Stress in Kipeá is considered to have a "purely demarcative, phonemically non-relevant" function, as it regularly falls on the final syllable of the word. There are however some unstressed words that are interpreted as enclitics.

== Grammar ==
The morphology of the Kipeá language is predominantly isolating and analytic, unusual for a language native to the Americas.

Clauses with one-argument verbs show the verb–intransitive subject order, and those with two-argument verbs show verb–transitive (direct) object–transitive subject, where the transitive subject is marked by the ergative preposition no.
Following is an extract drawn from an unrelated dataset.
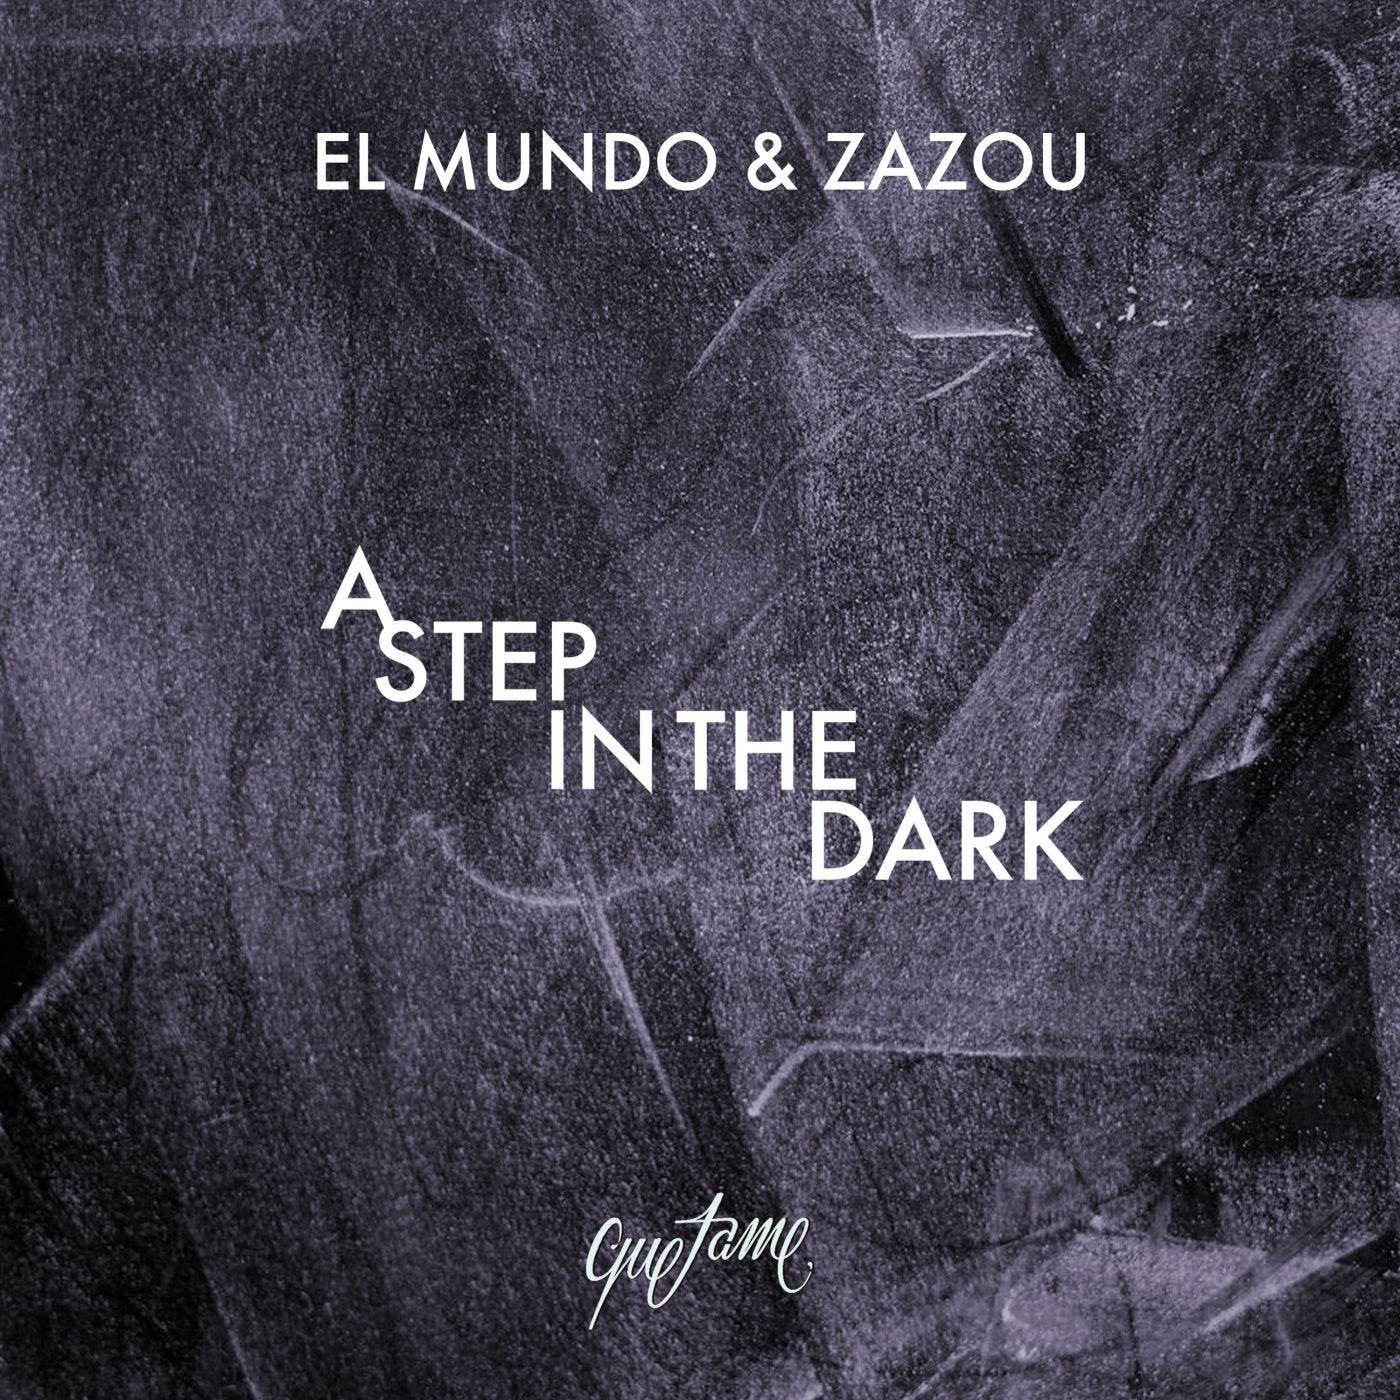 image cover: El Mundo, Zazou - A Step in the Dark on Quetame

Kipeá has prepositions but not postpositions. If an adposition relates to a pronoun, it may be prefixed to the adposition. Some adpositions have different allomorphs when they follow a pronoun or pronominal prefix.

=== Noun classifiers ===
Nouns are not overtly marked for class in Kipeá. Instead, classifiers are attached to quantifiers, which are placed before the head noun, and adjectives describing "dimension, consistency and colour, according to the shape of the noun's referents", found after the noun. 12 classifier prefixes are found in Kipeá.

Kipeá noun classifiers
| gloss | Classifier |
|---|---|
| hills, stools, dishes, foreheads, etc. | be- |
| birds, stones, stars, round objects (e.g. beads, fruit, eyes. etc.) | kro- |
| liquids, rivers | kru- |
| clusters, bunches | epru- |
| sticks, legs, wooden objects | he- |
| ropes, vines, threads, snakes | ho-, hoi- |
| iron objects, bones, pointed things | ja- |
| edible roots | mu-, mui- |
| holes, wells, mouths, fields, valleys, fenced spaces | nu- |
| clothes, fabric, furs | ro- |
| roads, conversations, speeches, stories | woro- |
| houses, arrows, containers, corncobs, living beings excluding birds, all otherwise unspecified nouns | bu- |

== Sample text ==
Below is the Lord's Prayer in Kipeá, according to Luís Vincêncio Mamiani in his 1698 catechism:

Bo cupadzûá dibárí mó arãkié, dó netsówonhé adzé inháá; dó dí ecanghité hidyodé; dó moró acáté mó radá, moró mó arãkié; dó dí hiamítẽdé ená hidiohodé dó ighŷ; dó prieré mó hibuânghetẽdé; moró siprí hirédé dó dibuângherí hiaídé; dó dikyé ená hihẽbupídé nósumarã anhí; dó nunhé hietçãdé ená bóburété. Amen Jesu.